On April 1, 1935, the Senate ratified the Brussels Convention for Unification of Rules Relating to Bills of Lading for Carriage of Goods by Sea, which had been submitted to it on February 26, 1927, making one reservation to fix the minimum liability limit of the shipowner for loss or damage to cargo at $500 per package or unit rather than at 100 pounds sterling or the equivalent in American currency.

Under its terms the convention does not take effect until 6 months after the notice of ratification has been deposited with the Belgian Government. This has not as yet been done, it having been urged upon the State Department that the preservation of American principals in certain further respects makes it important that legislation covering the subject matter of the convention be enacted before deposit of the ratification notice.

It is also believed by the members of the Conference on Uniform Ocean Bills of Lading that certain further modifications and clarifications, as contained in the bill before this committee, are needed to make the provisions of the convention applicable to American law and conditions.

CHANGES IN BRUSSELS CONVENTION

The pending bill, which the conference endorses without reservation, modifies the convention in the following particulars:

(1) The convention provides that the bill of lading shall be prima facie evidence of the receipt by the carrier of the goods. This is contrary to the Pomerene Bills of Lading Act which imposes absolute liability upon the carrier when the bill of lading is signed by his authorized agent, a provision which was found necessary to obviate abuses that had previously grown up under former provisions of American law.

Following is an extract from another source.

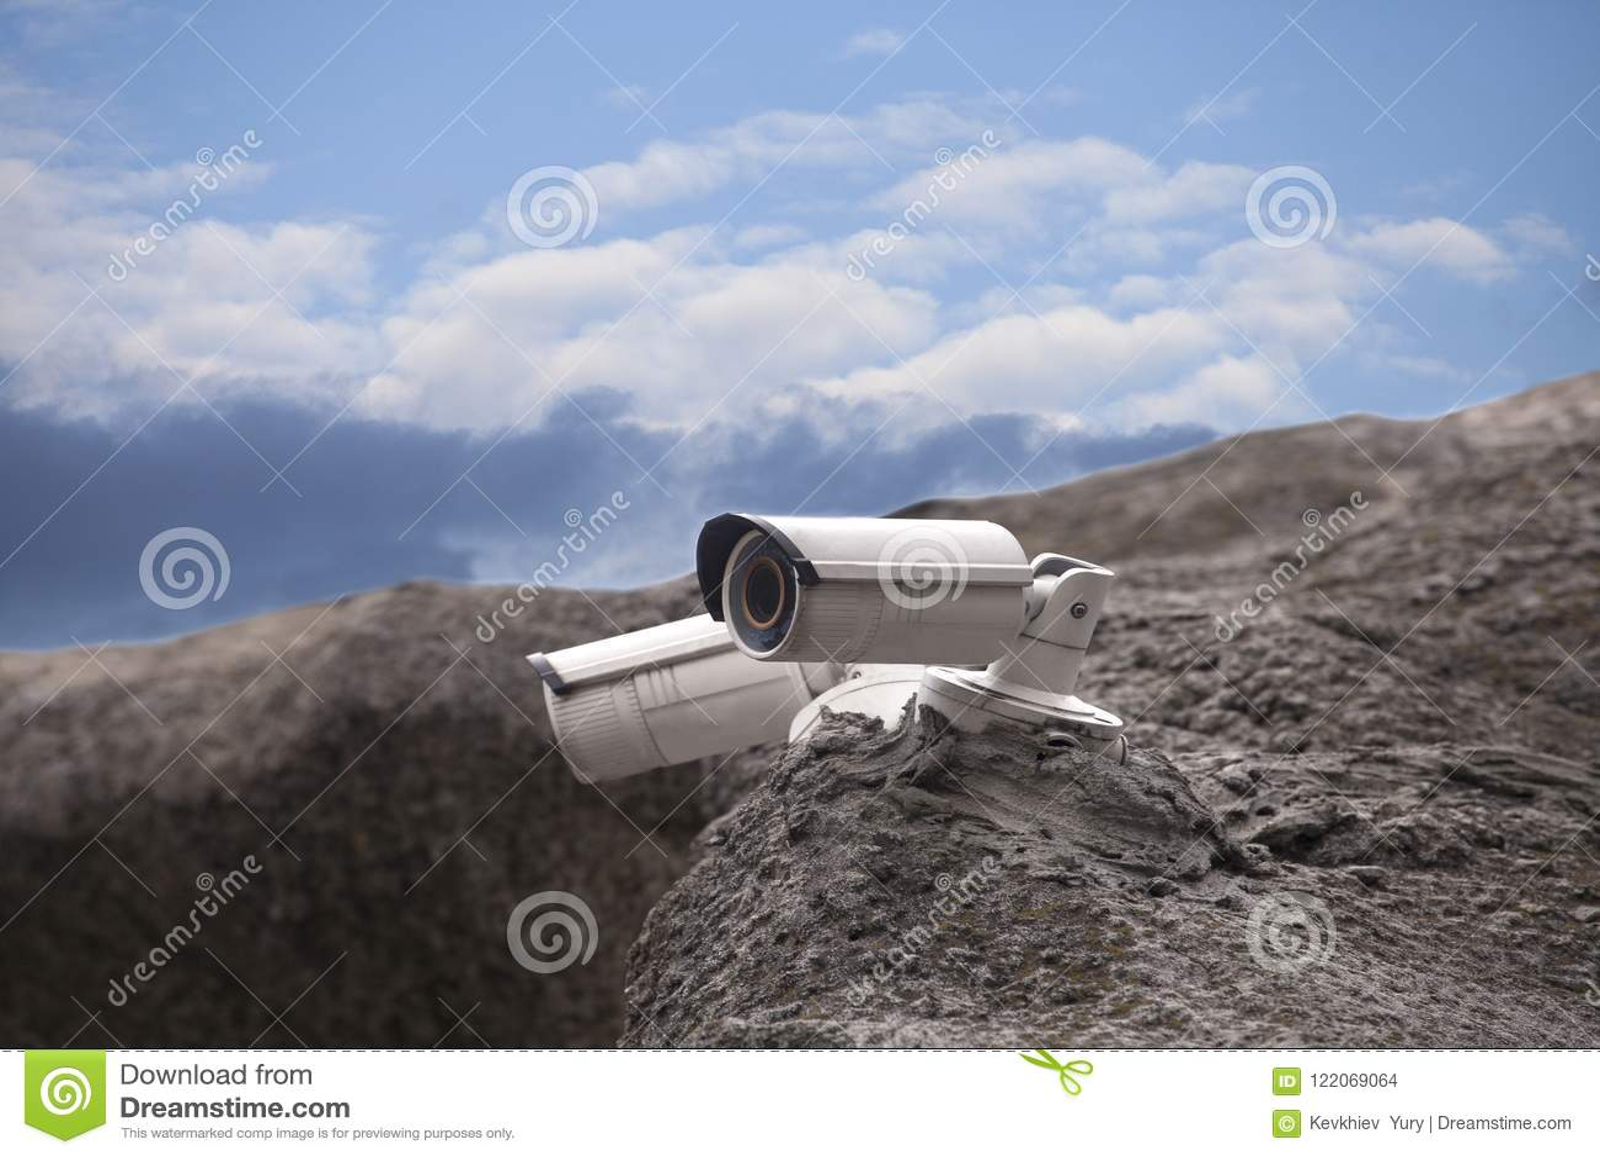 Rock Camera Surveillance : Surveillance security camera stock photo image of concrete

Section 3, paragraph 4, of the bill was therefore included, preserving in full force and effect the provisions of American law.

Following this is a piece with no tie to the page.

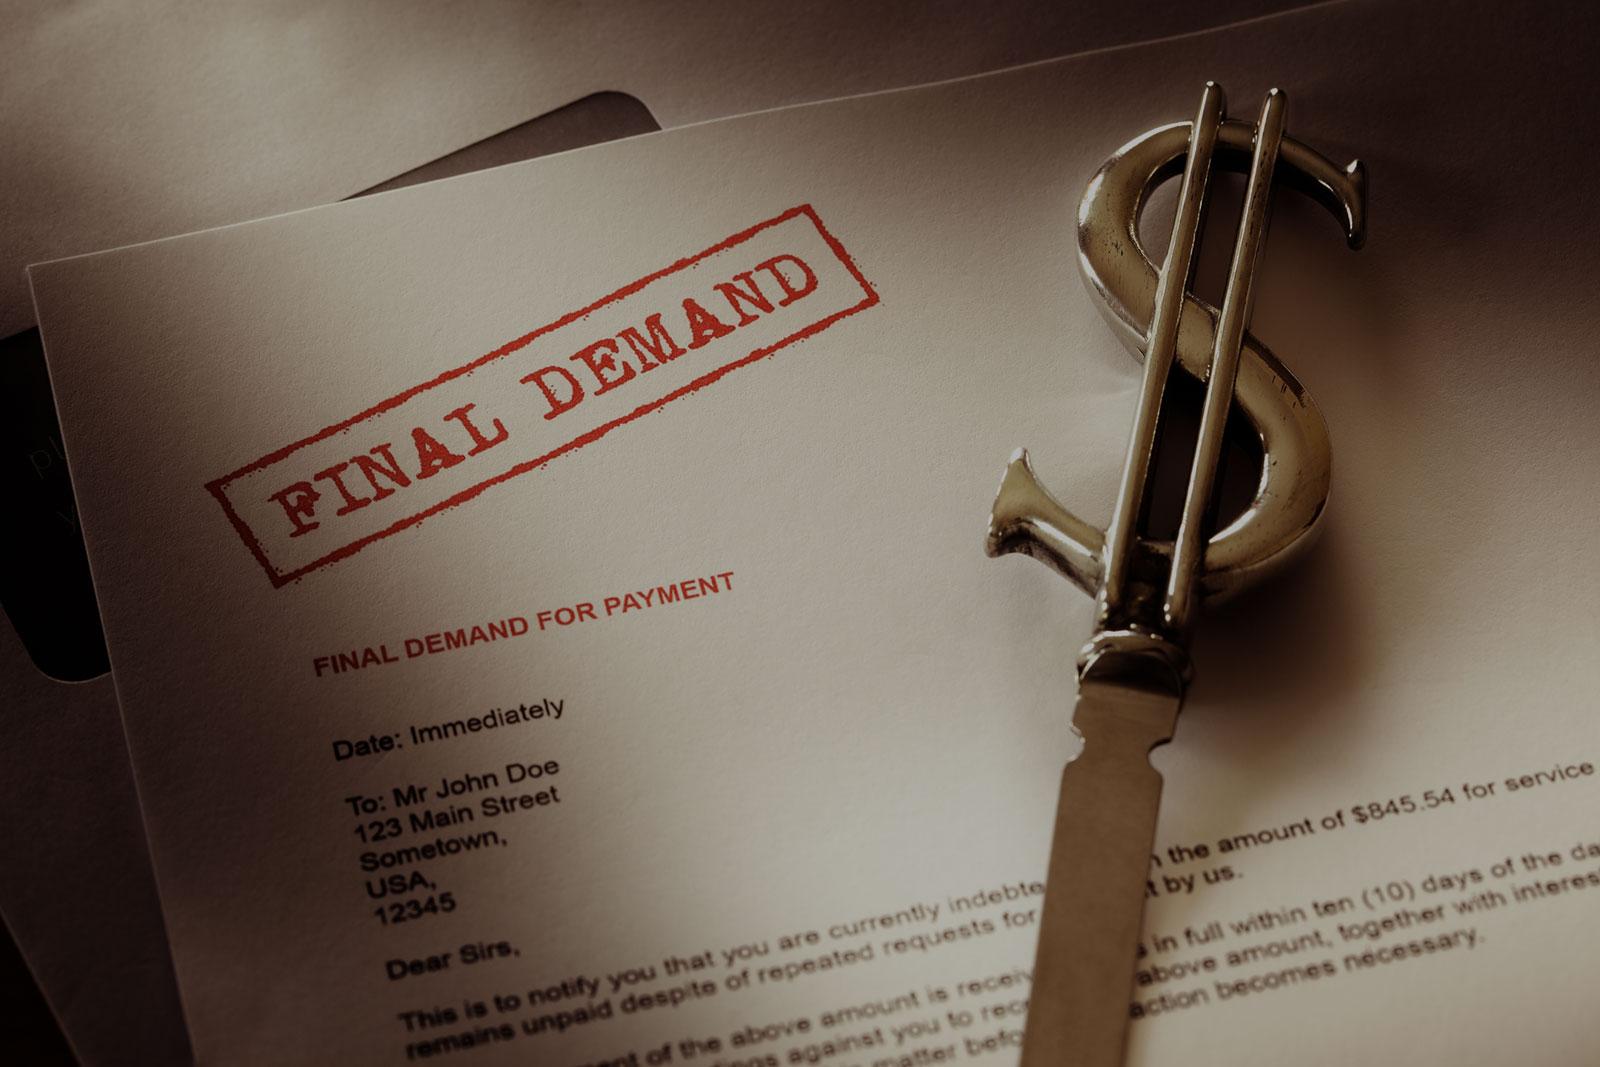 Judgement Enforcement & Collection Header Background - Final Demand Letter with Metal Dollar Sign

(2) The bill (sec. 3, par. 6) contains a provision not appearing in the convention, that the notice of loss or damage may be endorsed upon the receipt for the goods. This is desired by shippers and consignees in order to counteract the suggestion found in some opinions of the courts that a notice of loss or damage should be separate from the receipt for the goods.

(3) The bill (sec. 3, par. 6) clarifies the convention by providing that failure to give notice of loss or damage shall not bar the institution of suit within 1 year.

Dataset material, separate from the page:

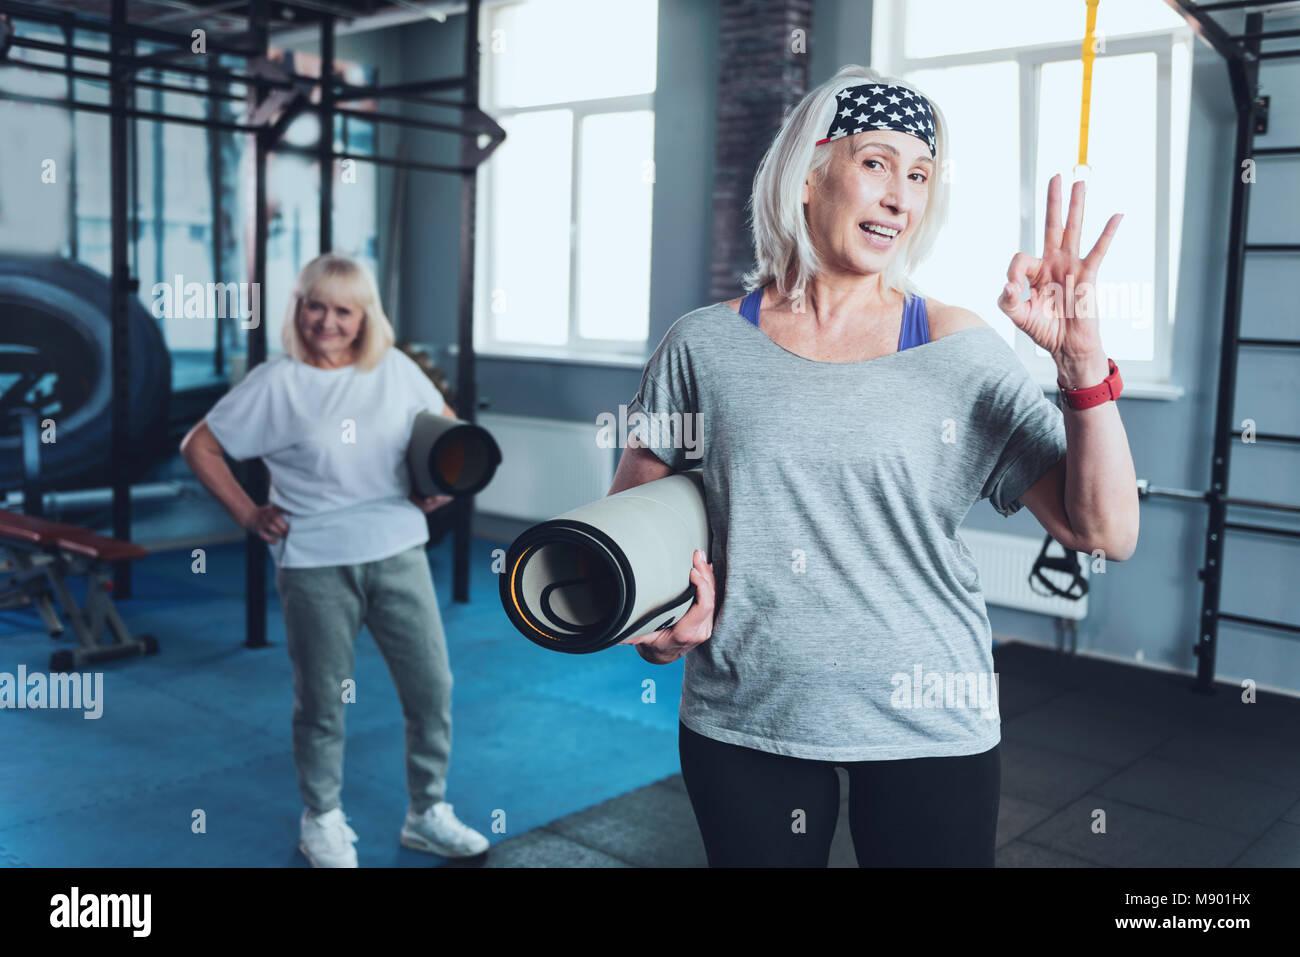 Gym sign stock photos gym sign stock images alamy positive senior woman gesturing ok sign at gym stock image buycottarizona Choice Image

(4) The bill (sec. 3, par. 6), as amended by the Senate, restores a provision found in the convention but not in the original bill allowing 3 days in case of concealed loss or damage for giving the notice to avoid making removal of the goods prima-facie evidence of delivery in the condition described in the bill of lading.

(5) While the convention would relieve the carrier from responsibility for loss or damage arising or resulting from strikes or lockouts, etc., from whatever cause, the bill (sec. 4, par. 2 (j)) would limit such exemption so that the carrier would not be relieved from responsibilities for his own acts. The purpose is to make it clear and unquestionable that an ocean carrier, finding that a loss is being suffered through his negligence, may not conceal the loss and escape from liability by the device of bringing on a strike.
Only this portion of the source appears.